Light blogging: organising life May 25, 2007

Posted by Johan in Links, Off Topic, Self-Management.
Wired has a few interesting articles about taxonomies. In Order is in the Eye of the Tagger, David Weinberger starts in today’s web 2.0 tagging systems, and traces its roots back to the original taxonomies proposed by Linnaeus. The central thesis is that older taxonomies such as that by Linnaeus were limited by the very fact that they were written on paper, which only allowed structure through hierarchies, going from high to low (human to worm, in Linnaeus’ system).

Modern tagging systems, such as those used by blogs, Flickr and del.icio.us, rely on a horizontal structure instead, where categories can be made up on the spot, by mixing and matching different tags to produce a list of the content you want to see. The flexibility of tagging is that items can exist in multiple categories, a solution that quickly results in chaos in traditional hierarchical tree structures.

A related article describes an attempt to impose this kind of tagging structure on Linnaeus’ taxonomy. The business-backed Encyclopedia of Life project seeks to do just that, as this article outlines.
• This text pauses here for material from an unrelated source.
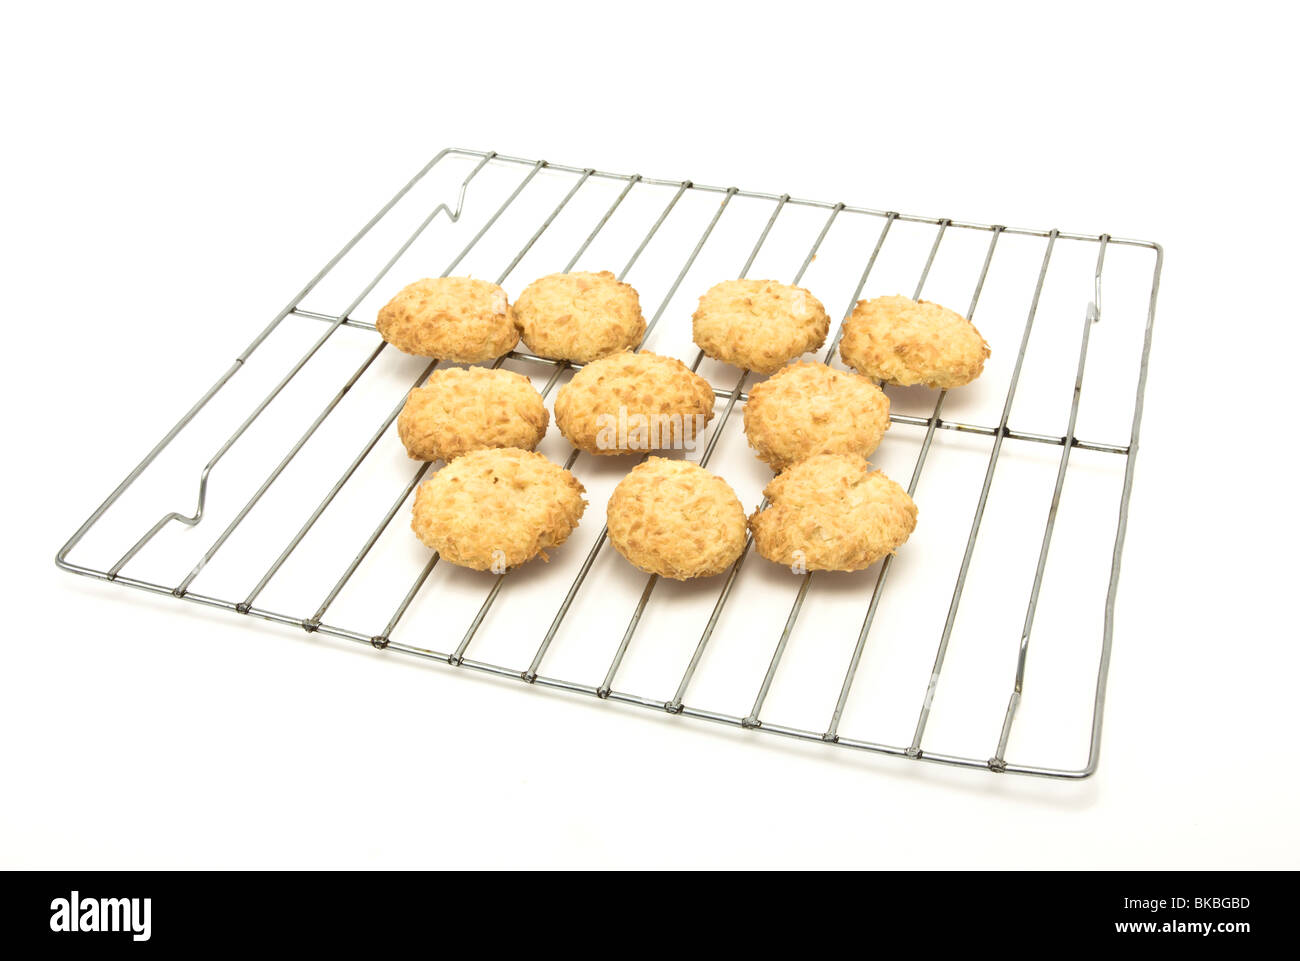 Home baked coconut cookies called melting moments from low viewpoint on cooling rack. Stock Photo

This is not the first attempt at this, but unlike previous projects it has enough financial backing to make it borderline-feasible. To get an idea of what they’re trying to do, watch this promo video from youtube:

Note the none-too-subtle similarities with this video. I guess plagiarism isn’t quite as much frowned upon in marketing as it is in academia.
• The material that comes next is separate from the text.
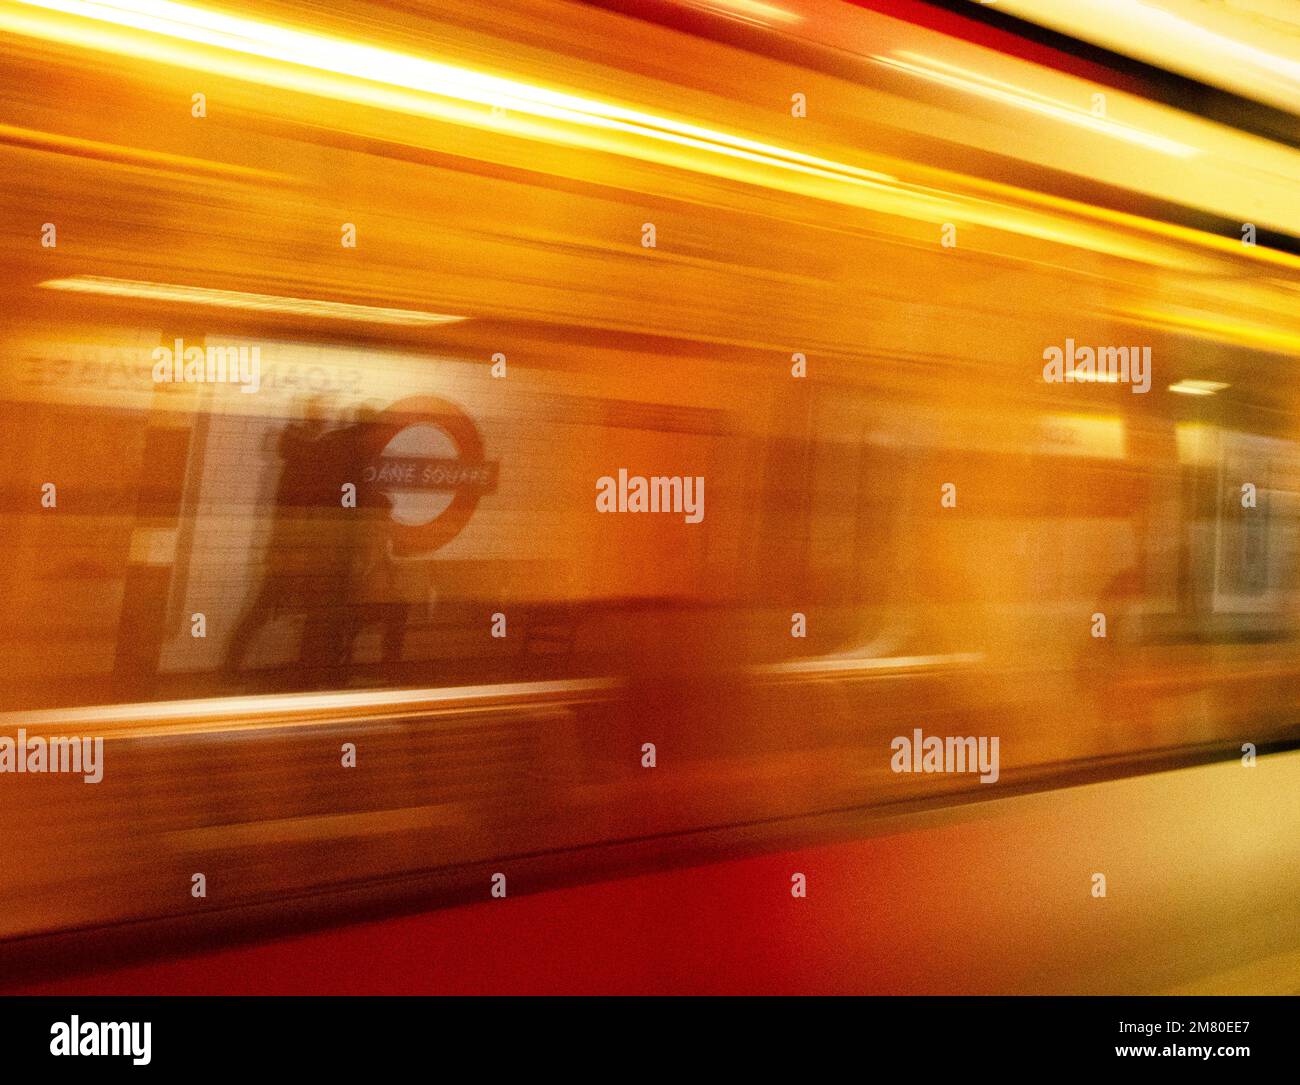 London Underground Sloane Square station, run by Tfl (Transport for London); tube train arriving at high speed, the image blurred Stock Photo

While all this is pretty cool, especially for librarians and web designers, it’s easy to get carried away with what essentially is a filing system. On the page for the Encyclopedia of Life promo video, one commenter announced that this project is the biggest thing in biology since Watson and Crick, which is frankly delusional. Sure, structured information makes research faster and easier, but in itself, a perfectly organised book shelf has no value. It’s what you make of it that matters.
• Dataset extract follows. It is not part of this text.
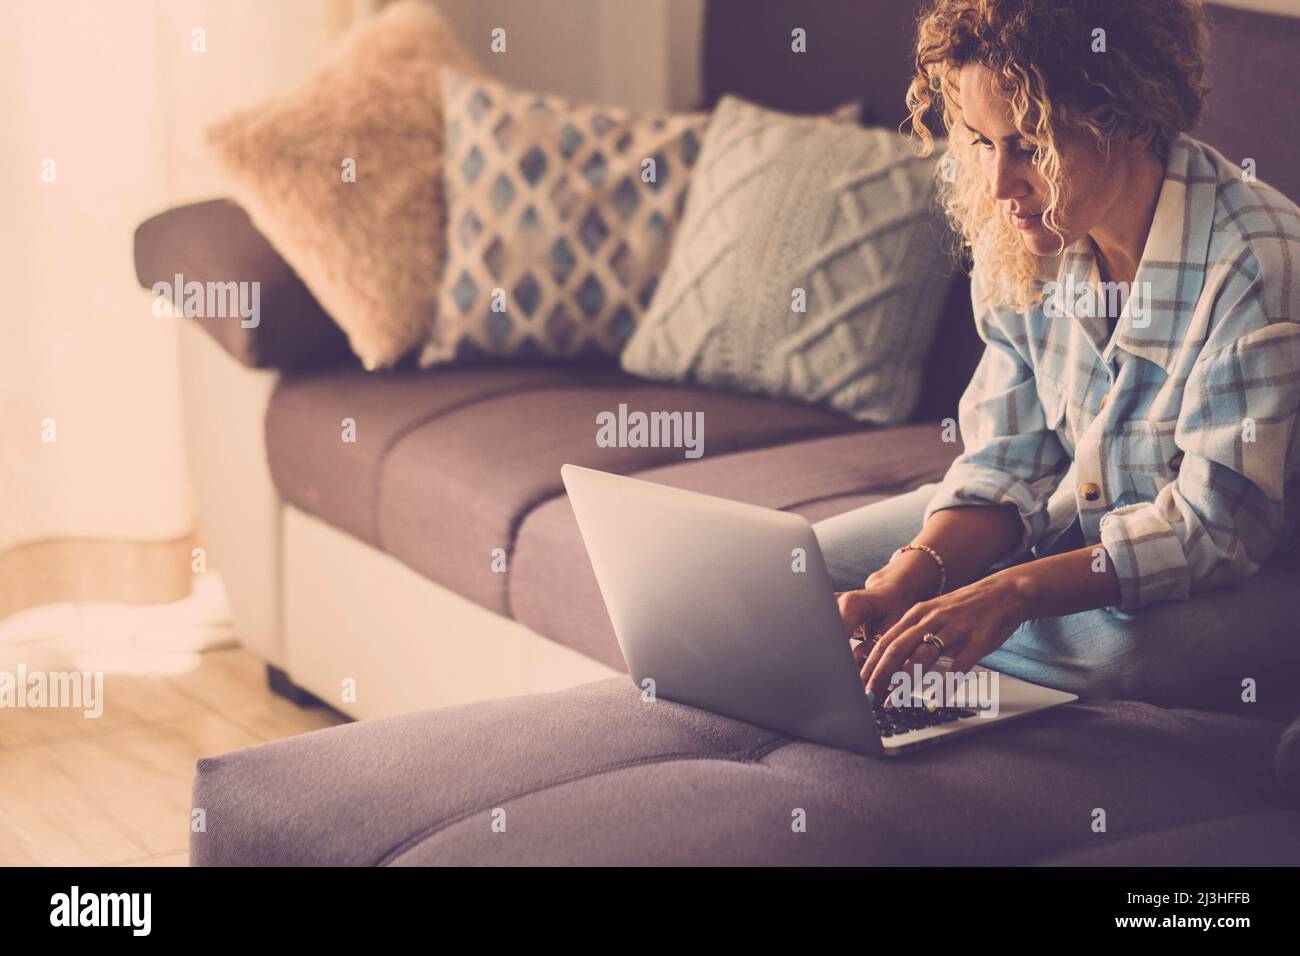 Modern woman working online with laptop computer comfortably sitting on the sofa at home. Stock Photo

It is interesting, however, to try to apply tagging to your own files. Unfortunately, no current operating system really supports filing by tag rather than by directory (although some try to reverse-engineer this feature anyway). I can’t wait for these technologies to move from the web to your hard drive – my own article filing system is already falling apart (4 folder levels deep and counting…), and I’m not even postgrad yet.

Fighting the Filing Cabinet March 12, 2007

Posted by Johan in Off Topic, Self-Management.
I am an idealist. I believe that I will be able to achieve what no academic has achieved before me. In short, I believe that I will find a way to manage without a filing cabinet.

For recent articles, this is not really a problem – everything is already in PDF format, so it’s a simple matter of putting it all on your hard drive. There is the minor problem of finding the articles, but this is no longer so much of an issue with Spotlight search in Mac OS X, or Google Desktop search for Windows (I believe Vista has a Spotlight clone built-in, also). The nifty thing about these new search functions is not just that they’re quite a lot faster than the old ones, but mainly that they allow you to search for text anywhere in the document, not just in the title.

The challenge, then, is older articles, photocopies from books, and such materials. You can scan these, and with the help of some software make PDFs out of them, but the beauty of searching for text is lost, as they will be scanned as images. Many older journal articles that actually are available online have also been scanned this way.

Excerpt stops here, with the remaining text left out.